▸ Exercise data

***

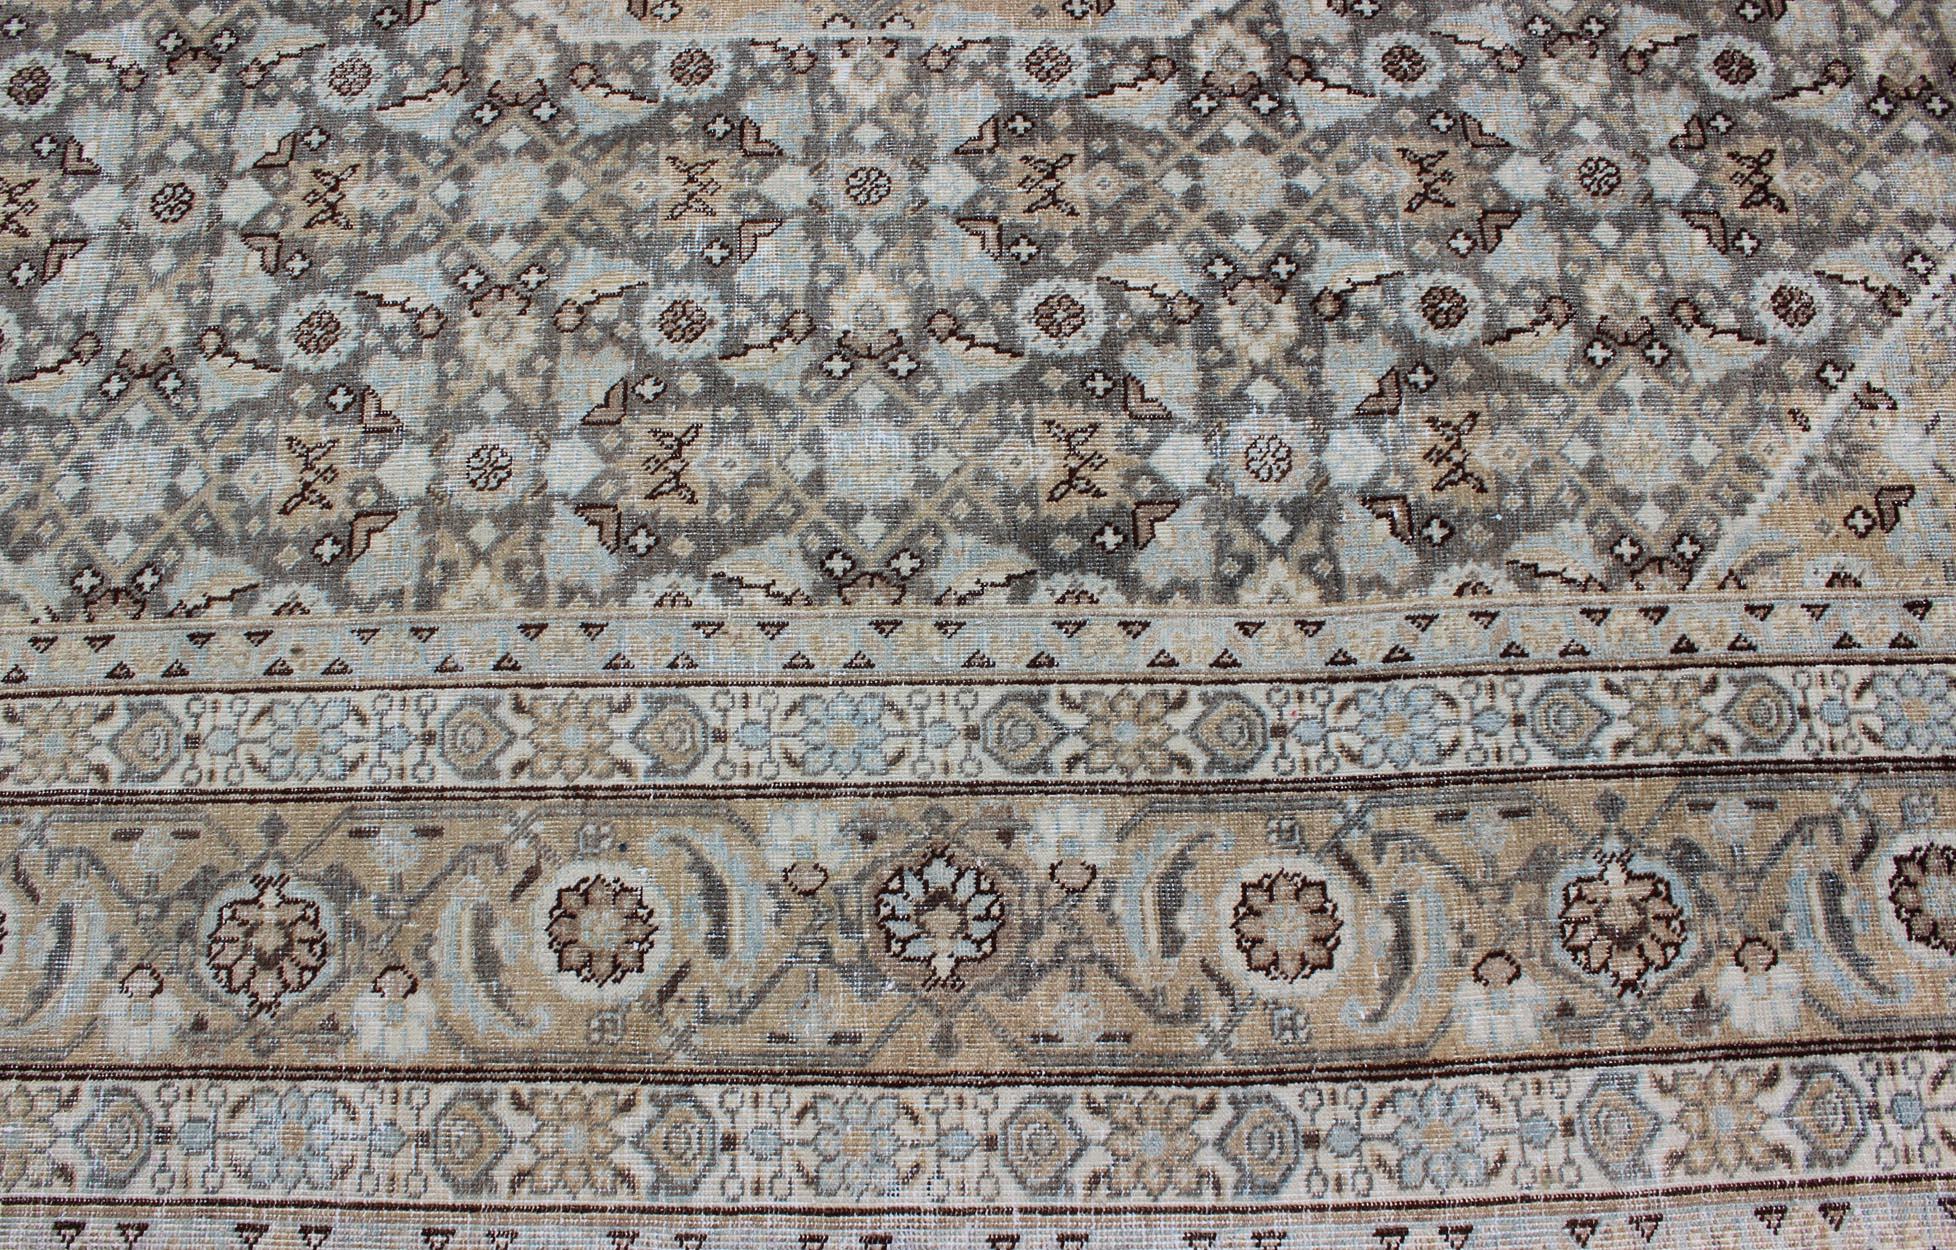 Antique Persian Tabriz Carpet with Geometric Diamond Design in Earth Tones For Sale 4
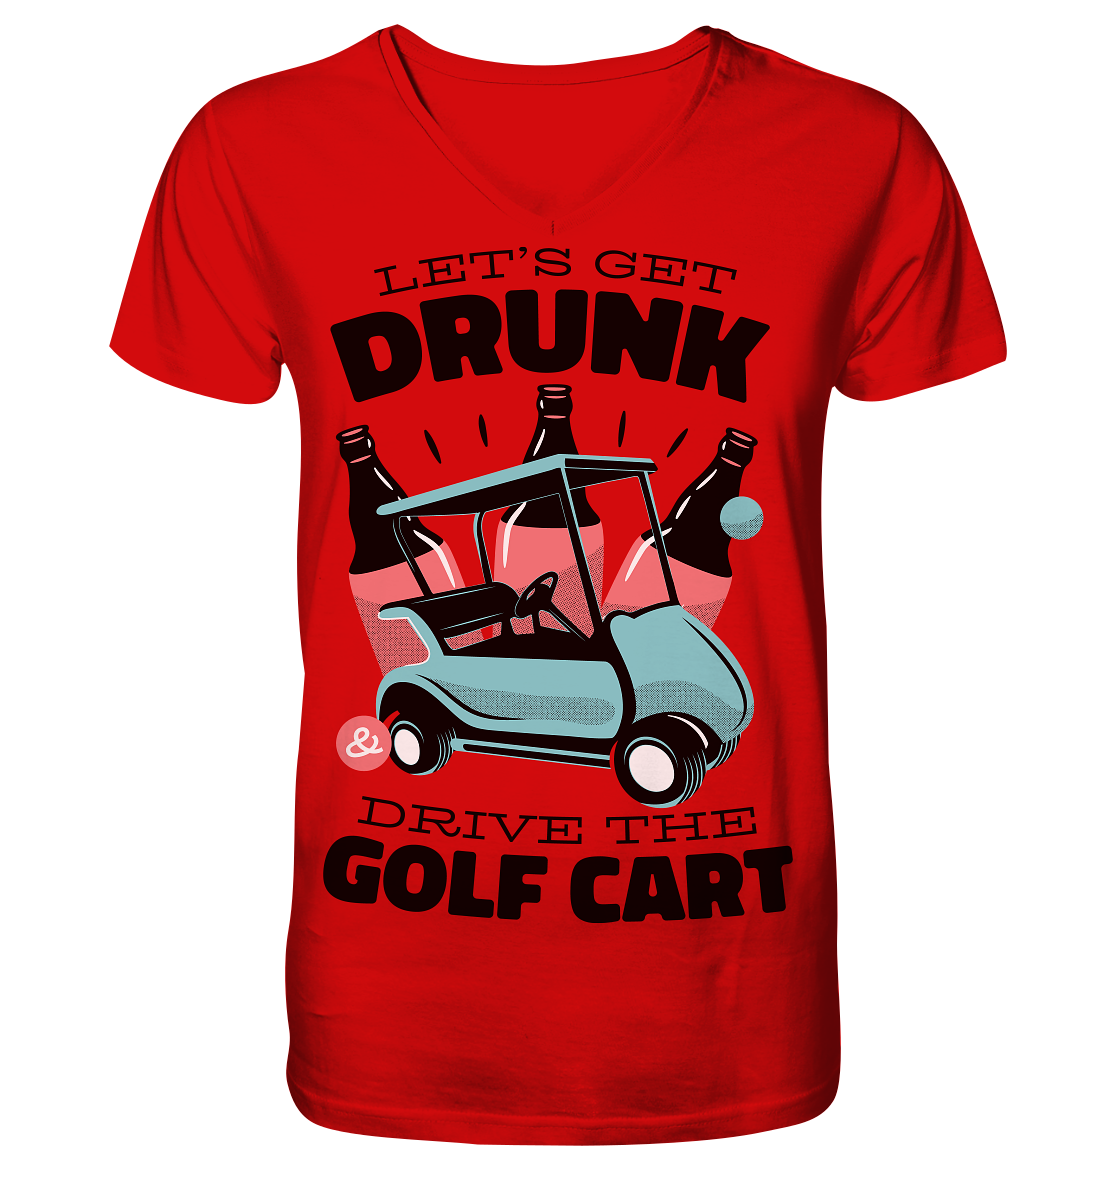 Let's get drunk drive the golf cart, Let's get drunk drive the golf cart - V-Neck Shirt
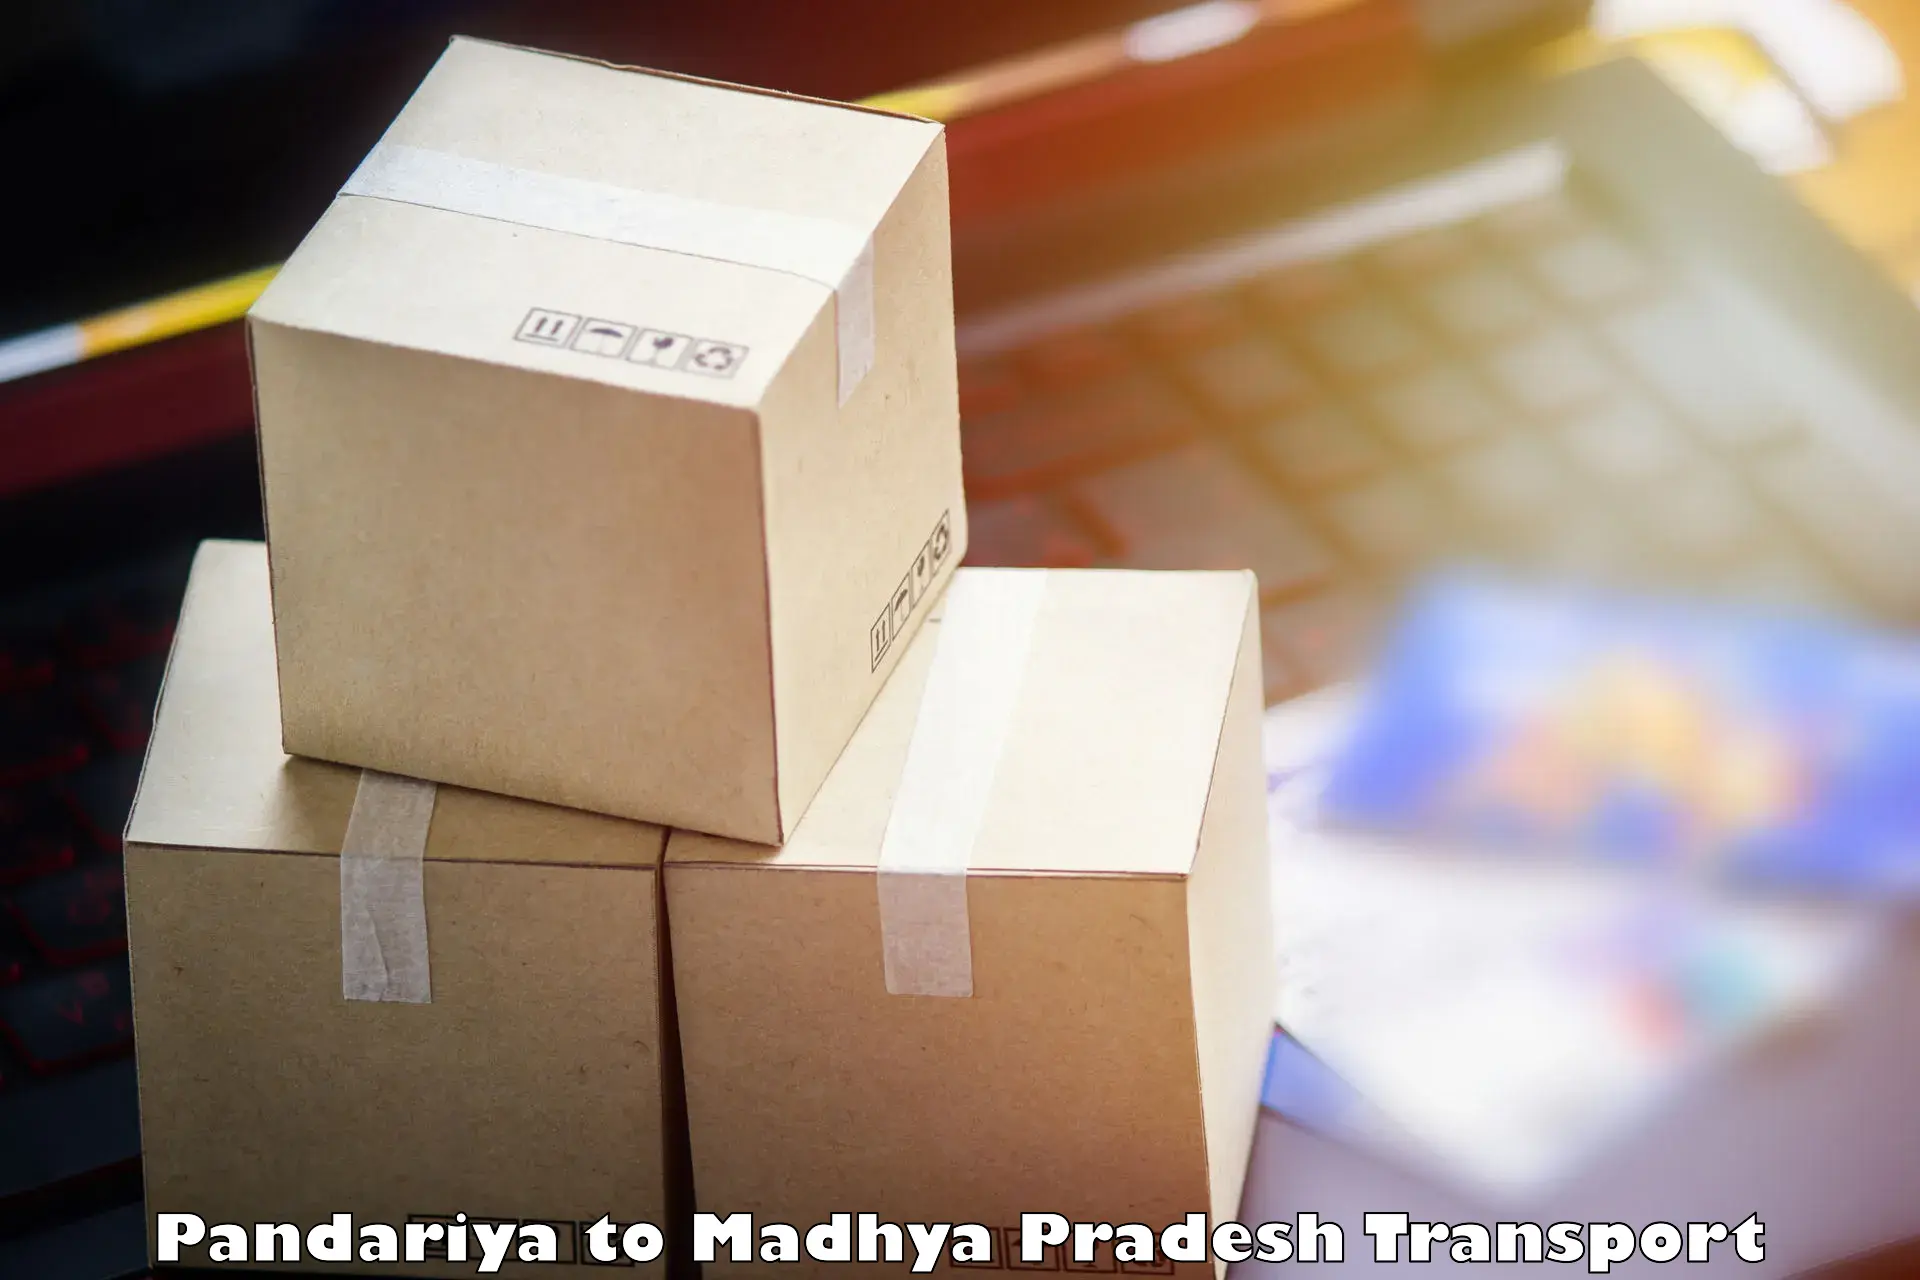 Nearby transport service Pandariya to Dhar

***

▸ Goal of the exercise
Your reply should hold every line above exactly as written and none of the pictures.

▸ Output for this exercise
 Antique Persian Tabriz Carpet with Geometric Diamond Design in Earth Tones For Sale 4
 Let's get drunk drive the golf cart, Let's get drunk drive the golf cart - V-Neck Shirt
 Nearby transport service Pandariya to Dhar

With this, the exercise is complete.